On March 10, 2023, Unique Logistics International, Inc. entered into a financing agreement (the “ Financing Agreement,” capitalized terms used but not otherwise defined herein have the same definitions given to such terms in the Financing Agreement) and related fee letter (“ Fee Letter”) as borrower with certain of its subsidiaries party thereto as guarantors, the lenders party thereto, CB Agent Services LLC, as origination agent, and Alter Domus (US) LLC, as collateral agent and administrative agent. The Financing Agreement provides for an initial senior secured term loan in a principal amount of $4,210,526.32 and a delayed draft term loan in an aggregate principal amount of up to $14,789,473.68. The proceeds of such term loans may be used to (i) pay fees and expenses related to entering into the Financing Agreement and the related transaction documents and the acquisitions of those certain entities contemplated by that certain Stock Purchase Agreement between the Company and seller thereunder (the “Seller”) and those separate certain Share Sale and Purchase Agreements, as previously reported on the Company's Current Report on Form 8-K filed on February 27, 2023 (the “ Acquisitions”), (ii) redeem certain of the notes issued to the Seller in connection with the Acquisition, and (iii) pay fees and expenses related of the transactions contemplated by that certain Agreement and Plan of Merger, dated as of December 18, 2022, by and among Edify Acquisition Corp., a Delaware corporation, Edify Merger Sub, Inc., a Nevada corporation, and the Company, as previously reported on the Company's Current Report on Form 8-K filed on December 19, 2022.

The Company's obligations under the Financing Agreement are or will be guaranteed by certain of its domestic subsidiaries as set forth in the Financing Agreement. Such obligations, including the guarantees, are secured by substantially all of the personal property of the Company and the subsidiary guarantors, pursuant to a security agreement (“ Security Agreement”), dated March 10, 2023. Each term loan under the Financing Agreement shall be, at the option of the Company, either a Base Rate Loan or a SOFR Loan.

Base Rate Loans shall bear interest at a rate per annum equal to the Base Rate plus 9.00% per annum. SOFR Loans shall bear interest at a rate per annum equal to Adjusted Term SOFR plus 10.00% per annum. Under certain circumstances, a default interest rate will apply on all obligations during the existence of an event of default under the Financing Agreement at a per annum rate equal to 3.00% above the interest rate otherwise applicable to such obligations.

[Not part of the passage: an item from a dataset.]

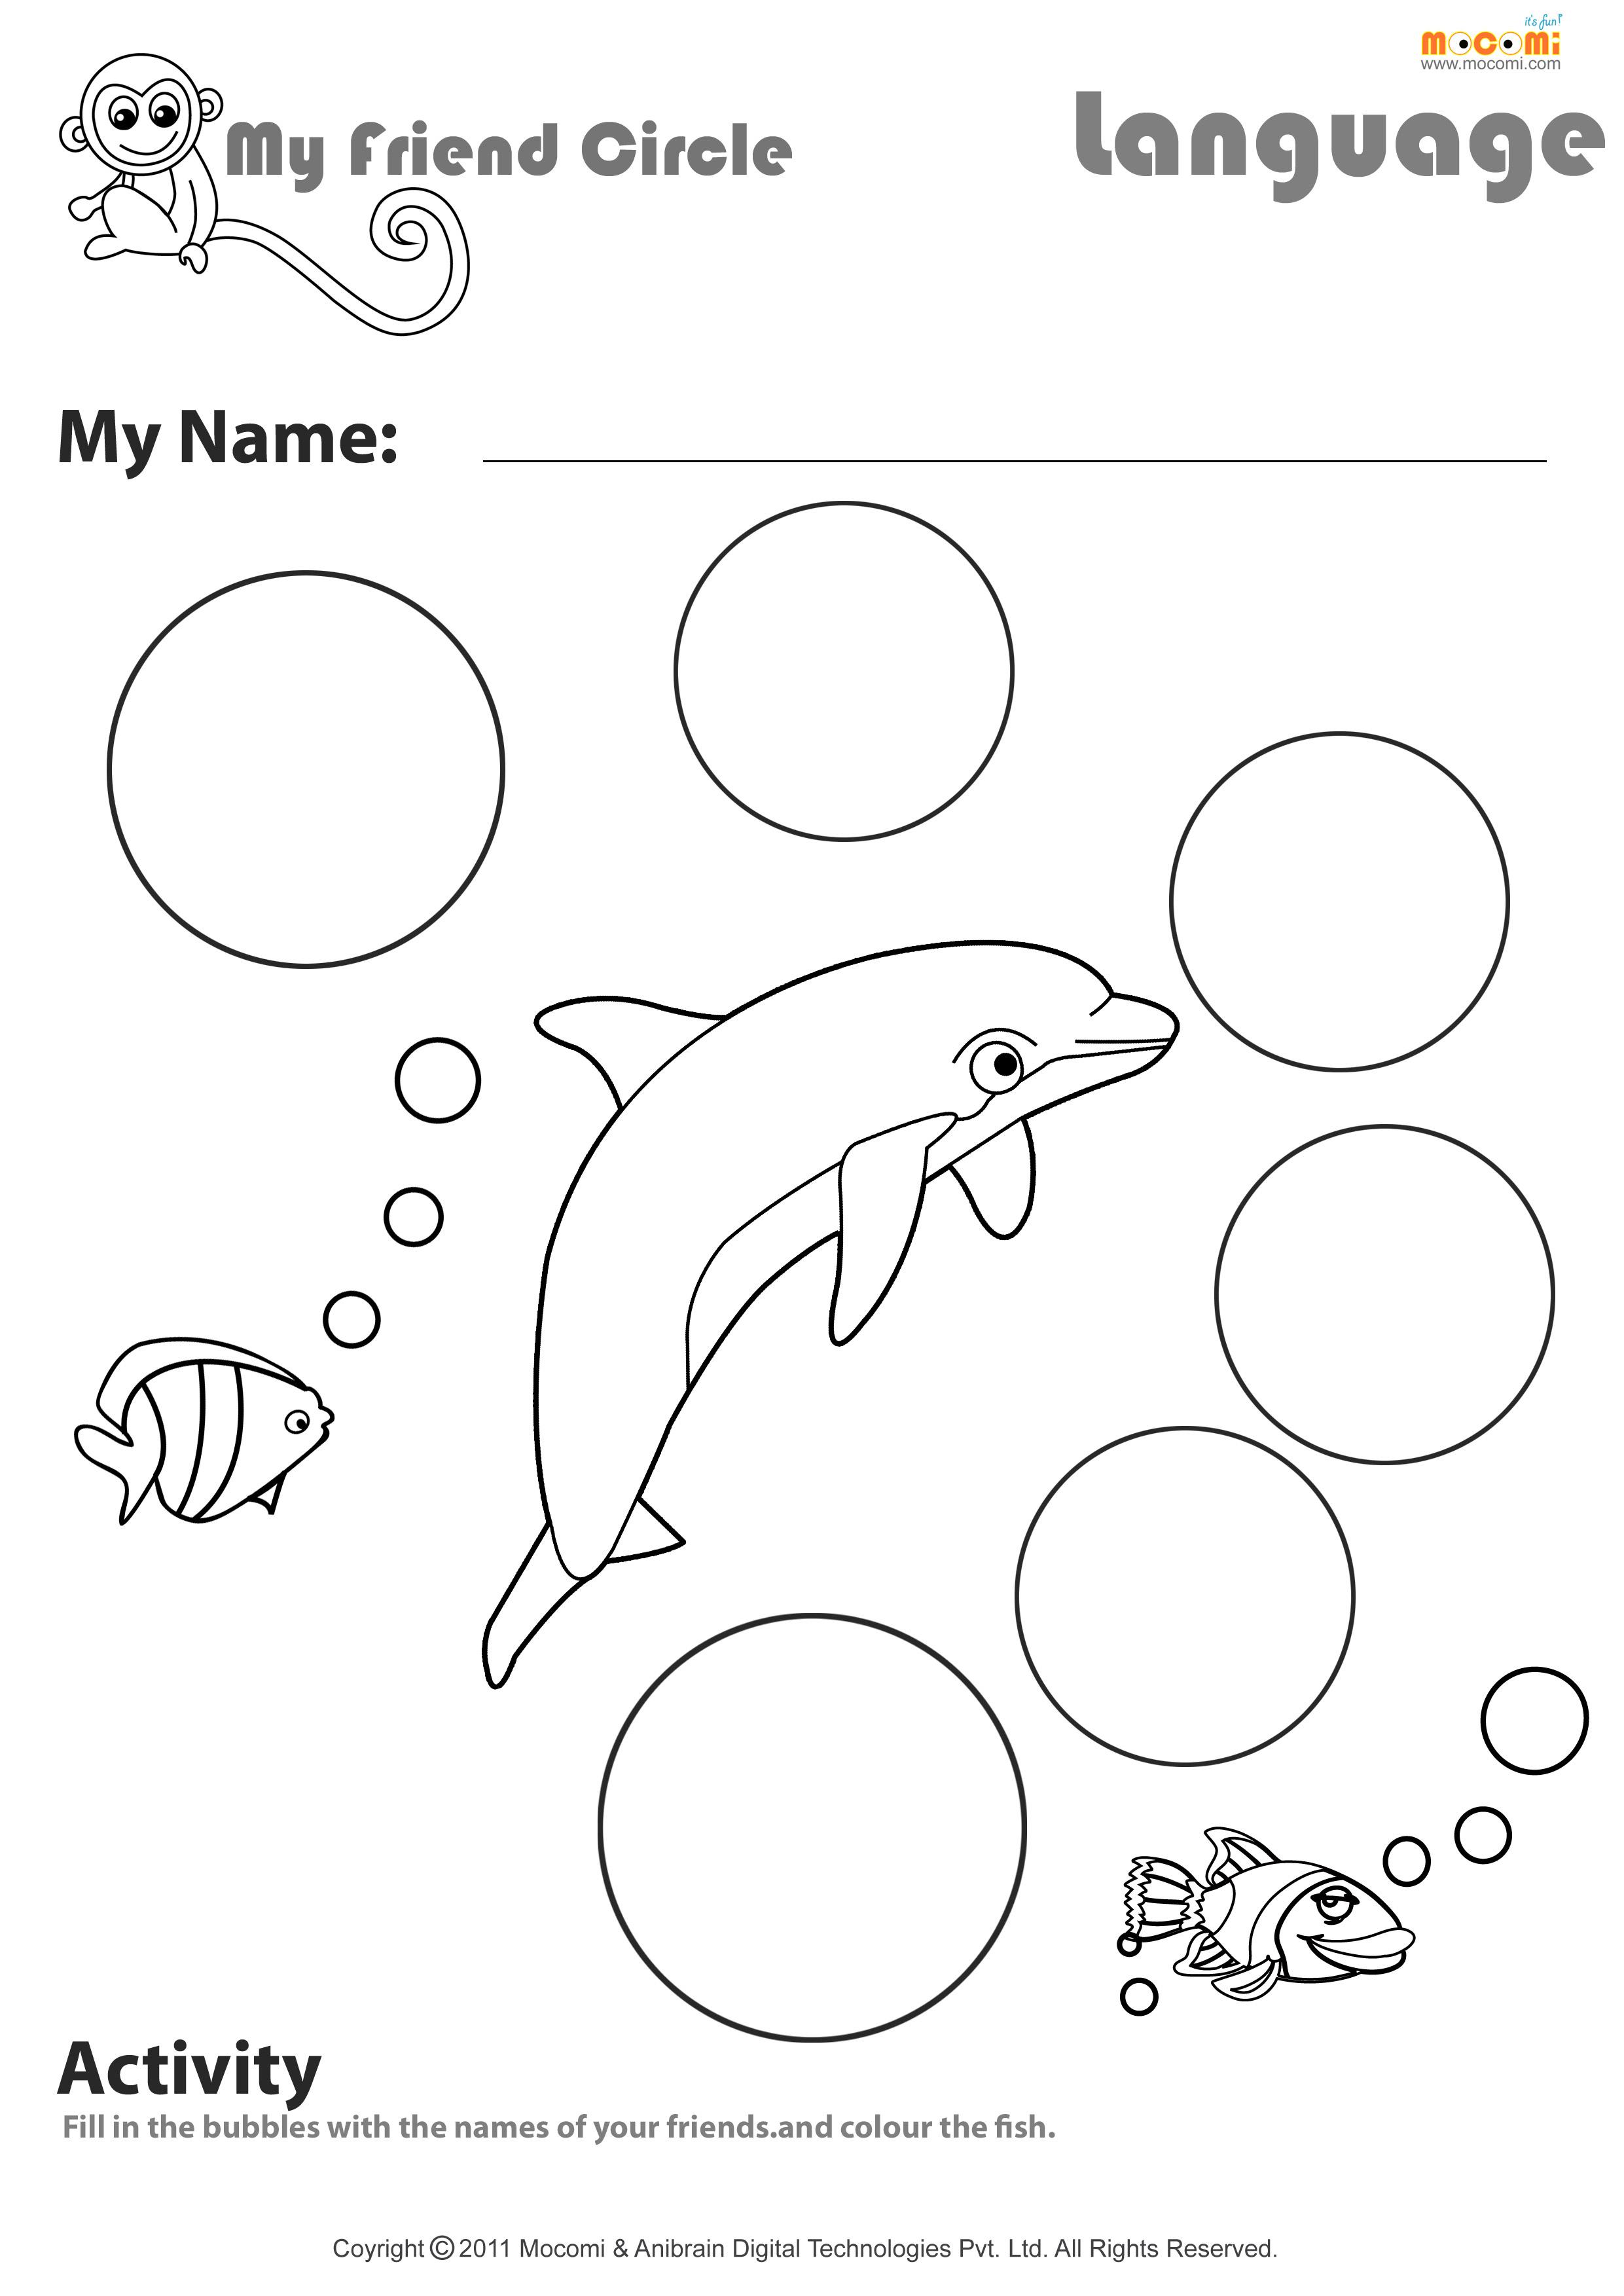 Niagara Falls Drawing For Kids At Getdrawings

The Financing Agreement requires that the Loan Parties and their subsidiaries make certain mandatory prepayments (“ Mandatory Prepayments”) including paying a certain percentage of Excess Cash Flow and the proceeds of Extraordinary Receipts. Any Mandatory Prepayments or repayment in full of the term loans will be subject to early termination fees in an amount equal to (a) a make-whole amount equal to (a) 1.35 times the aggregate original principal amount of the term loans funded under the Financing Agreement minus (b) the sum of (i) any interest paid to the Financing Agreement plus (ii) any Upfront Fees equal to 5.00% the amount of proceeds of Loans under the Agreement, Agency Fees, and Exit Fees equal to 5.00% of the aggregate original principal amount of the term loans paid pursuant to the Loan Documents, plus (iii) any principal amounts of the term loans paid as of the date of such prepayment or repayment. No make-whole amount will be owing or payable by the Company in respect of optional prepayment on or prior to the date that is nine (9) months following the effective date of the Financing Agreement.

The Financing Agreement contains customary representations, warranties, events of default and covenants by the Loan Parties and their subsidiaries, subject to customary materiality, material adverse effect and knowledge qualifiers. The Financing Agreement also contains (a) certain affirmative covenants that impose certain reporting obligations on the Loan Parties and their subsidiaries, (b) certain negative covenants that generally limit, subject to various exceptions, the Loan Parties and their subsidiaries from taking certain actions, including, without limitation, incurring indebtedness, making investments, incurring liens, paying dividends and engaging in mergers and consolidations, sale and leasebacks and asset dispositions, and (c) financial maintenance covenants in the form of a maximum leverage ratio and minimum liquidity. Obligations under the Financing Agreement may be declared due and payable upon the occurrence and during the continuance of customary events of default.